Фото: Петр Кассин, Коммерсантъ
— Пирамида — это когда ты берешь больше, чем можешь вернуть. А я стараюсь привлекать разумно. Например, я 5 млн руб. привлек и выкупил два заведения TopGun, а они приносят мне по 500 тыс. руб. в месяц. Еще такой вот факт: ко мне пришел человек и предложил 50 млн руб.— столько я не могу взять. Есть риски, что он захочет досрочно вернуть свои средства, по договору он должен предупредить об этом меня за три месяца, а я больше 5 млн руб. не могу отдать за месяц.
— В чем изначально была концепция TopGun?

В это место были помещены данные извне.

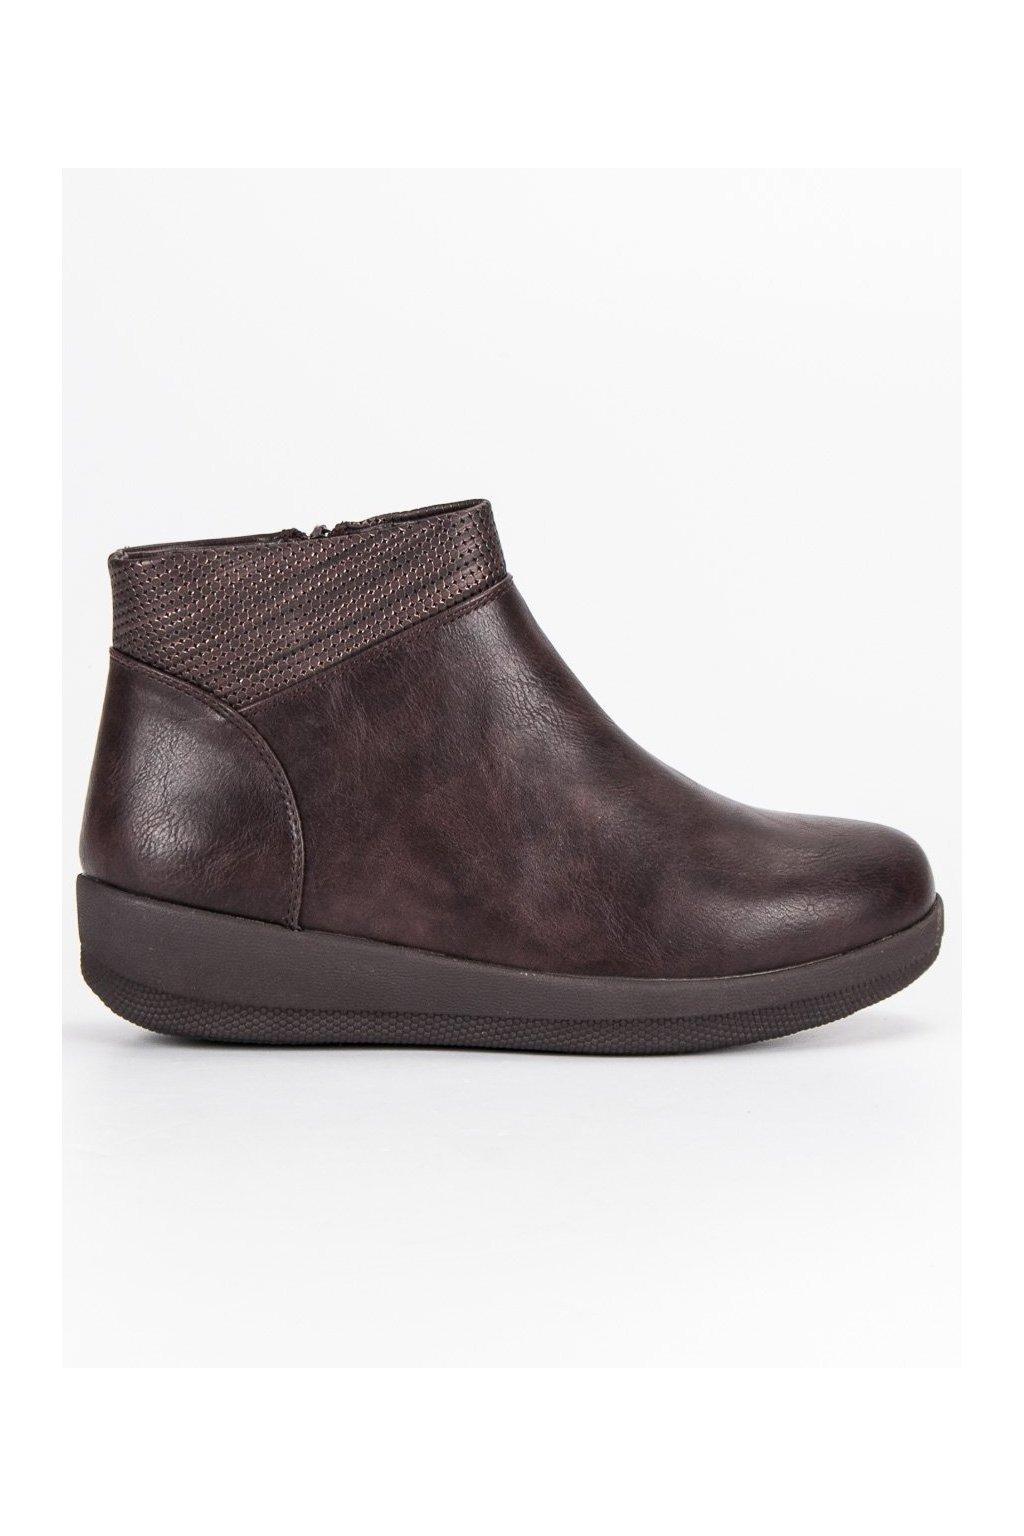 6b1d5f852b472 Dámske hnedé jesenné topánky Kylie

— Моя супруга всегда стриглась за 3 тыс. рублей. «Почему так?» — думал я. Женщину стричь легче, но дороже.
А мужчину надо подстричь так, чтобы переход был без теней и осветлений. Это целая академическая специальность, на нее надо учиться.
И я понял, что всех людей болванят, а мы будем стричь. Тогда же запустил рекламную кампанию, позвал в Тулу за 400 тыс. рублей. Сида Соттунга из Англии (владеет школой барберов.— «Коммерсантъ Стиль»). Занял 3 млн рублей, 1 млн рублей у меня был, и на эти средства открыл первый TopGun. Сейчас в Туле работает четыре барбершопа, ежемесячный оборот каждого превышает 1 млн рублей, хотя мне говорили, что и одного заведения для города будет много.
— Когда вы поняли, что концепция парикмахерских исключительно для мужчин работает у нас в стране?
— Через месяц после открытия первого TopGun в Туле. Тогда ко мне приехала девушка из подмосковного Егорьевска, сказала, что хочет такую же парикмахерскую, и попросила помочь в открытии. Это заведение до сих пор успешно работает. Следующий барбершоп открыл в Зеленограде с партнером. Так, кстати, появилась франчайзинговая программа.
— Вас не смущает, что заведений TopGun стало очень много в Москве? Например, в новых жилых комплексах можно увидеть рядом сразу два барбершопа под вашим брендом.
— Нет, потому что в любом районе есть люди, которые готовы стричься. Я открылся в Туле пять лет назад, когда мужчина приходил к нам стричься и ему тяжело было согласиться с тем, что другой мужчина будет мыть ему голову. Но — переубедил.
— Два года назад у вас работало две академии, где обучались будущие барберы. Сколько учебных площадок у вас действует сейчас и стало ли это отдельным направлением вашего бизнеса?
— Этот проект называется Moscow barber school (MBS). Сейчас две школы в Москве и Санкт-Петербурге.
— То есть вы их не ассоциируете с материнским брендом?
— Я отделил MBS от TopGun, потому что многие барберы не шли в нашу академию. К тому же все барбершопы создавали собственные академии. Вообще-то даже у меня нет академии, только школа, где преподают учителя. Академики — известные барберы — к нам приезжают иногда, несколько раз в год, обучать наших преподавателей в первую очередь. MBS — сторонняя компания, которая ко мне даже не относится.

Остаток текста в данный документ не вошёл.